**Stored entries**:
┌──

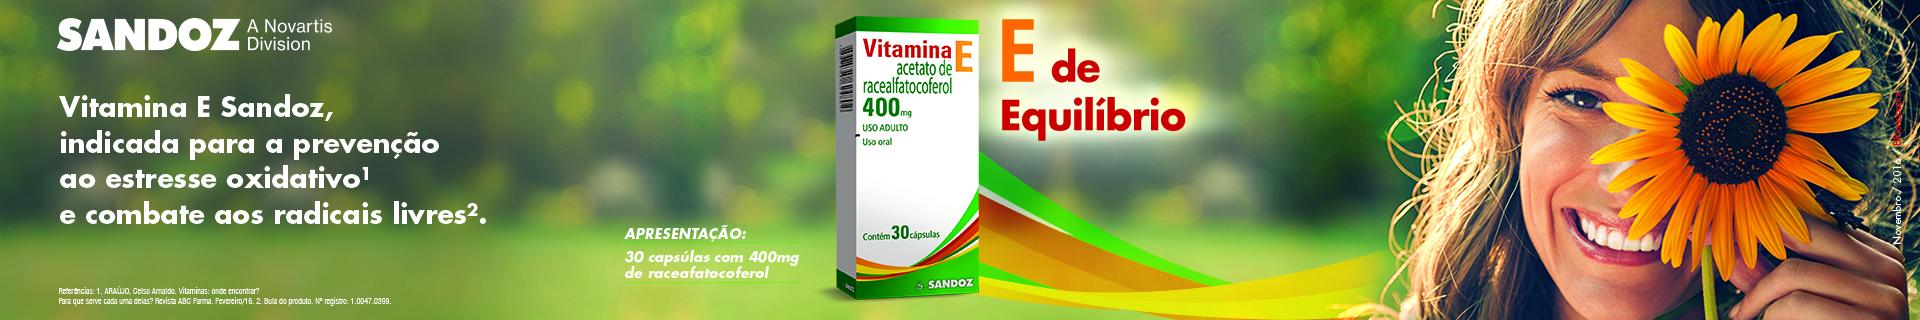 Ecd0c0c919cb298a225780dc2e9c6632826011b4vitamina e 4k consulta remedios
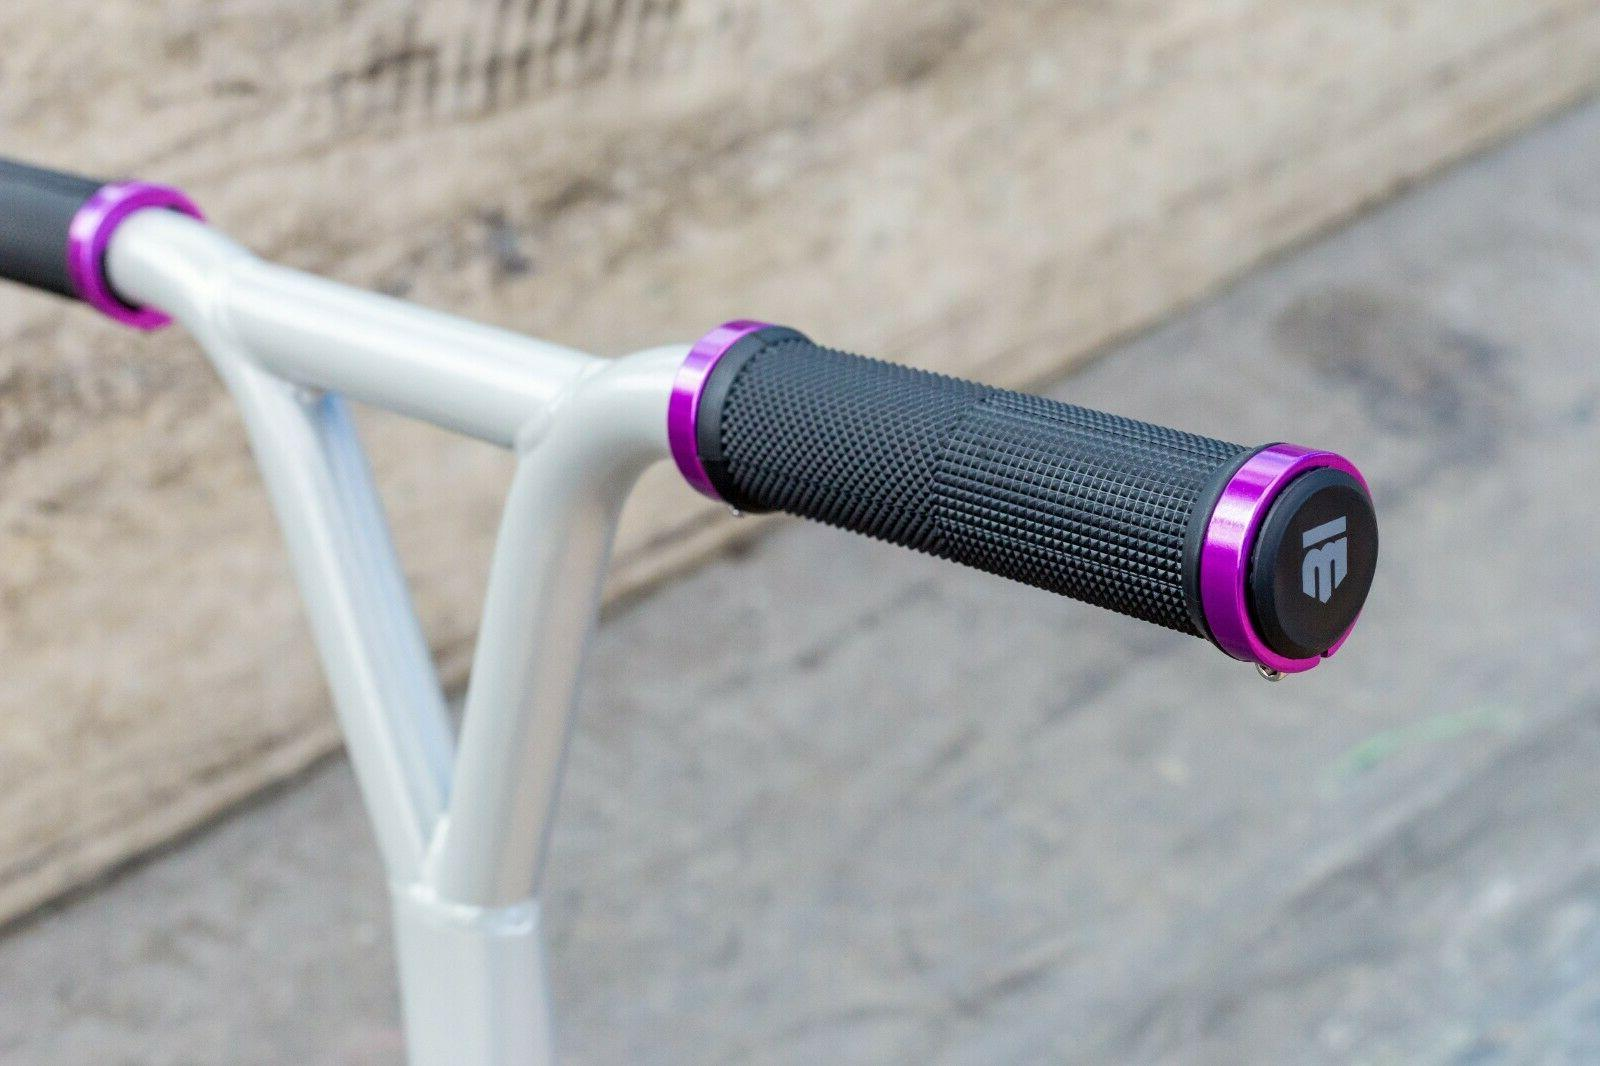 NEW Stance Lightweight Scooter - Purple/Gray
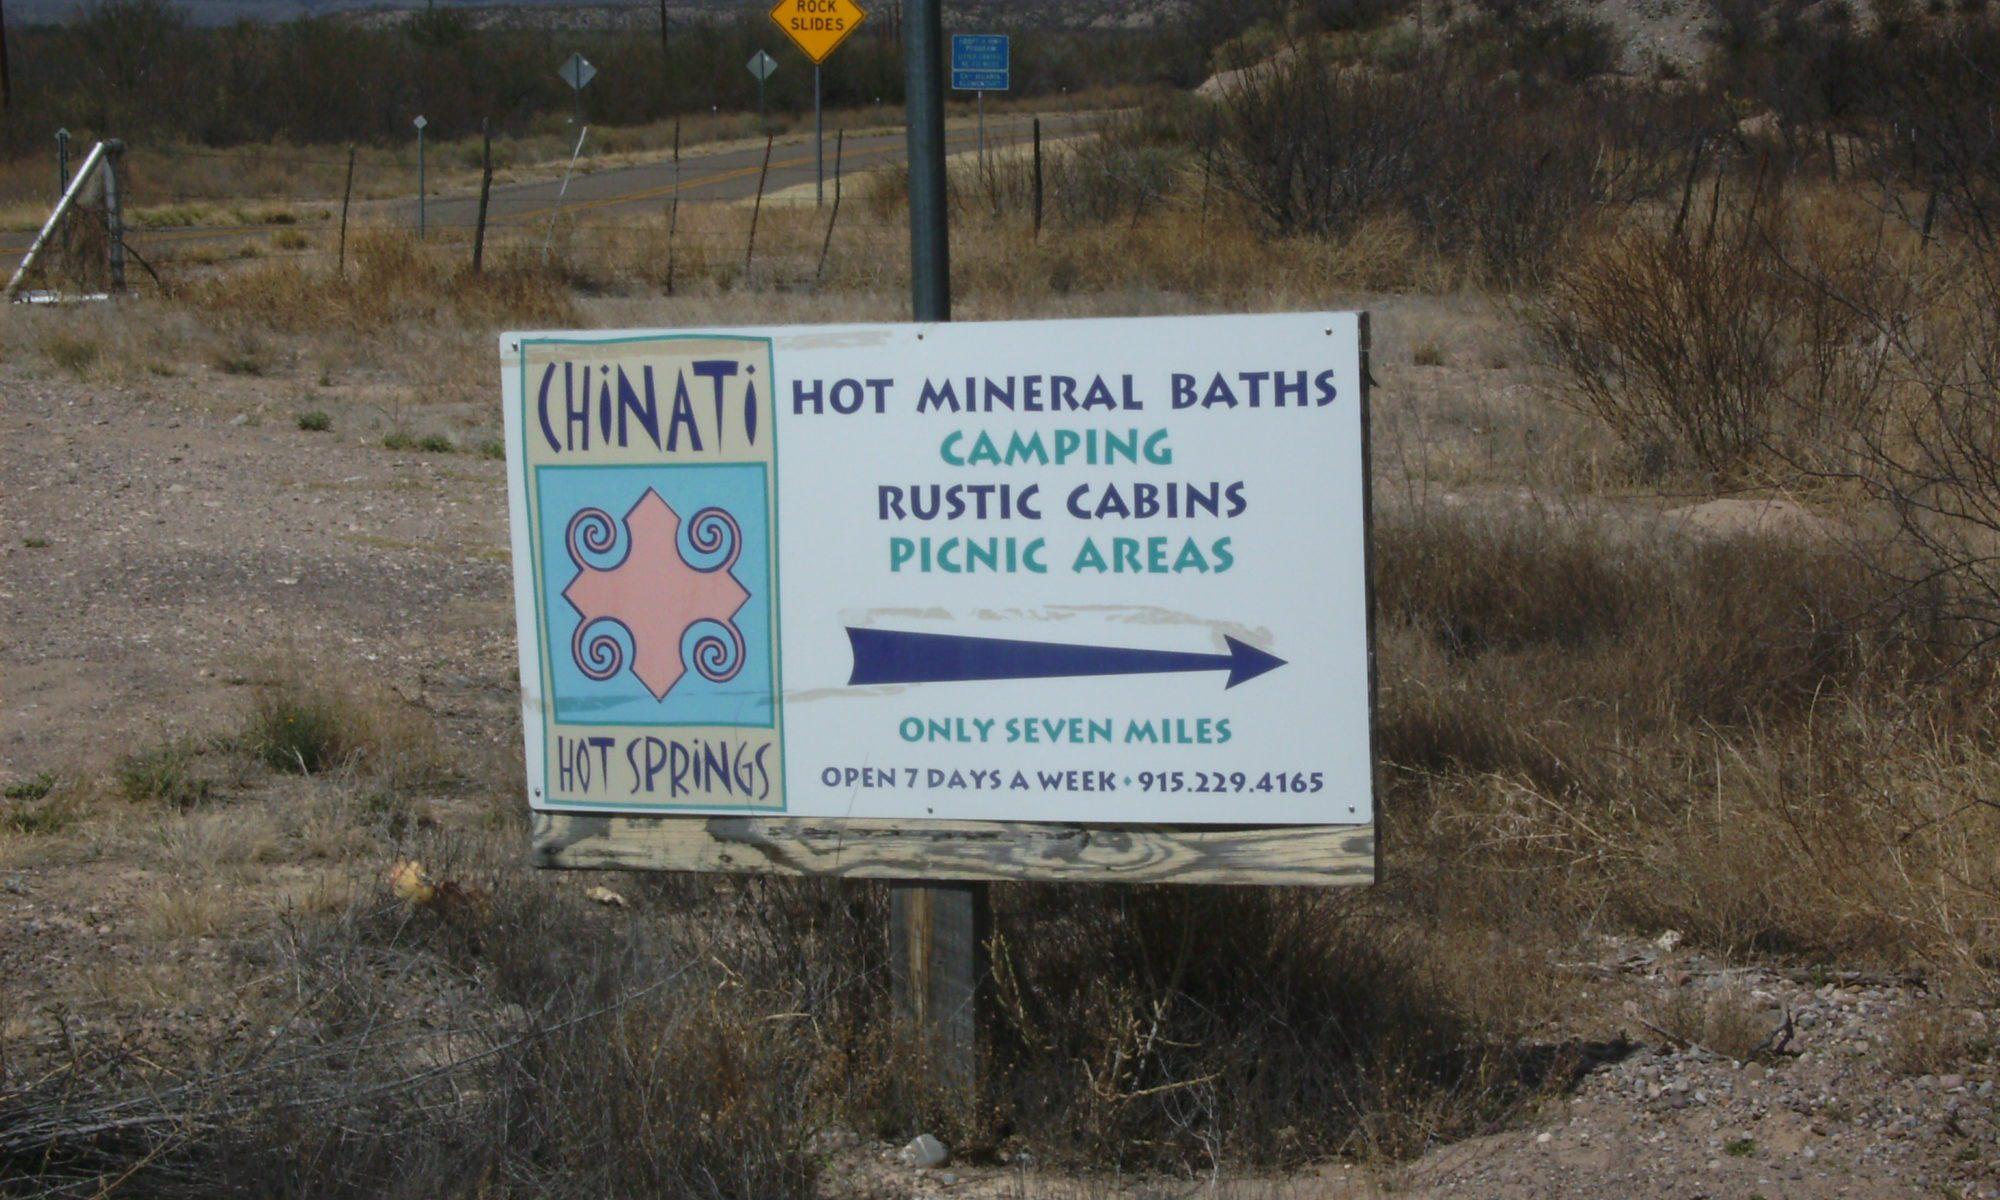 Chinati Hot Springs in Texas
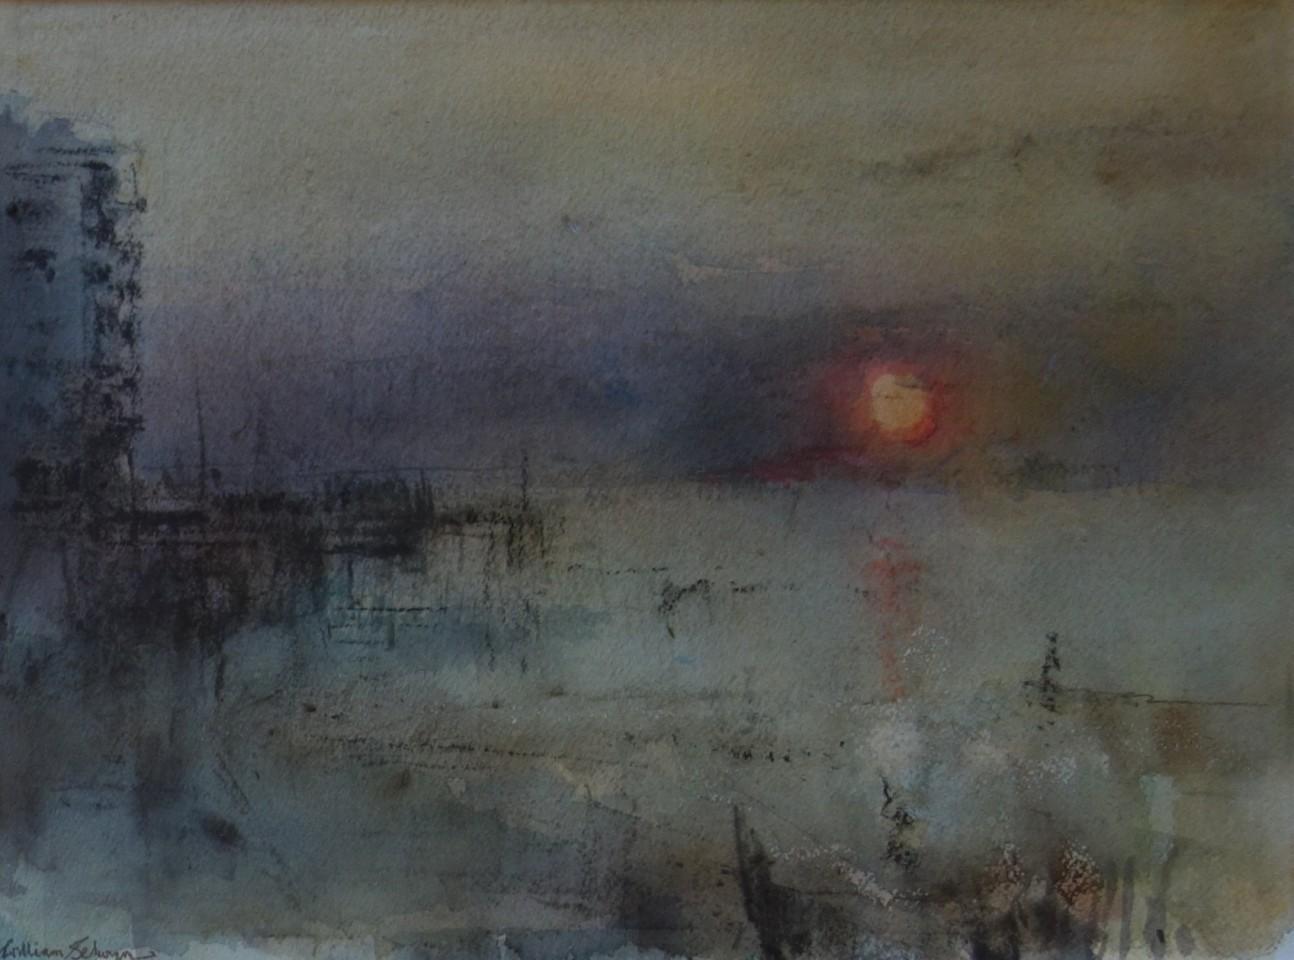 William Selwyn, Sunset, Victoria Dock
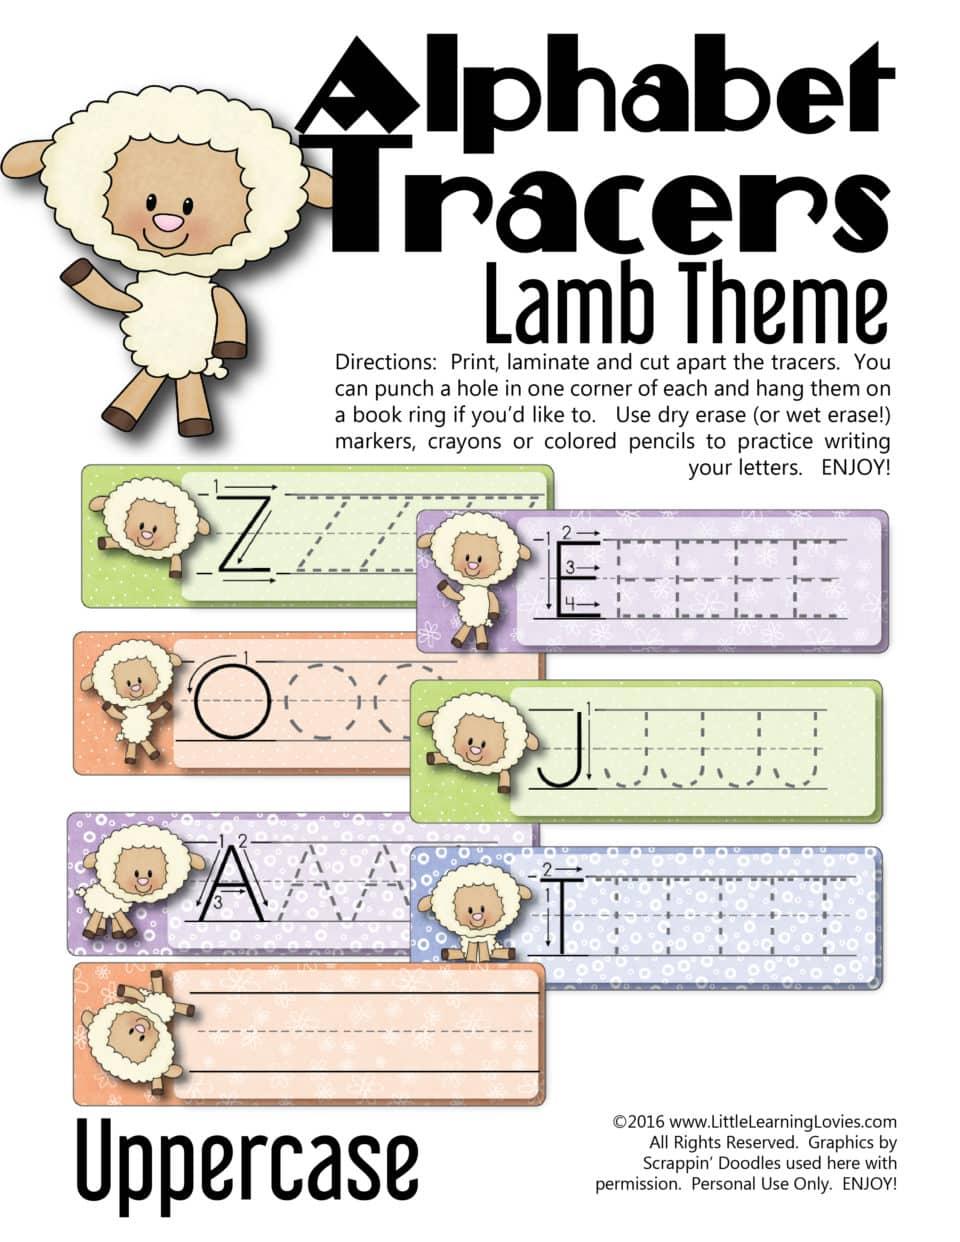 LambThemed-AlphabetTracers Uppercase-01

└──

**Try it**:
Reproduce every record above exactly as given, excluding pictures from the result.

**Response to this exercise**:
 Ecd0c0c919cb298a225780dc2e9c6632826011b4vitamina e 4k consulta remedios
 NEW Stance Lightweight Scooter - Purple/Gray
 Chinati Hot Springs in Texas
 William Selwyn, Sunset, Victoria Dock
 LambThemed-AlphabetTracers Uppercase-01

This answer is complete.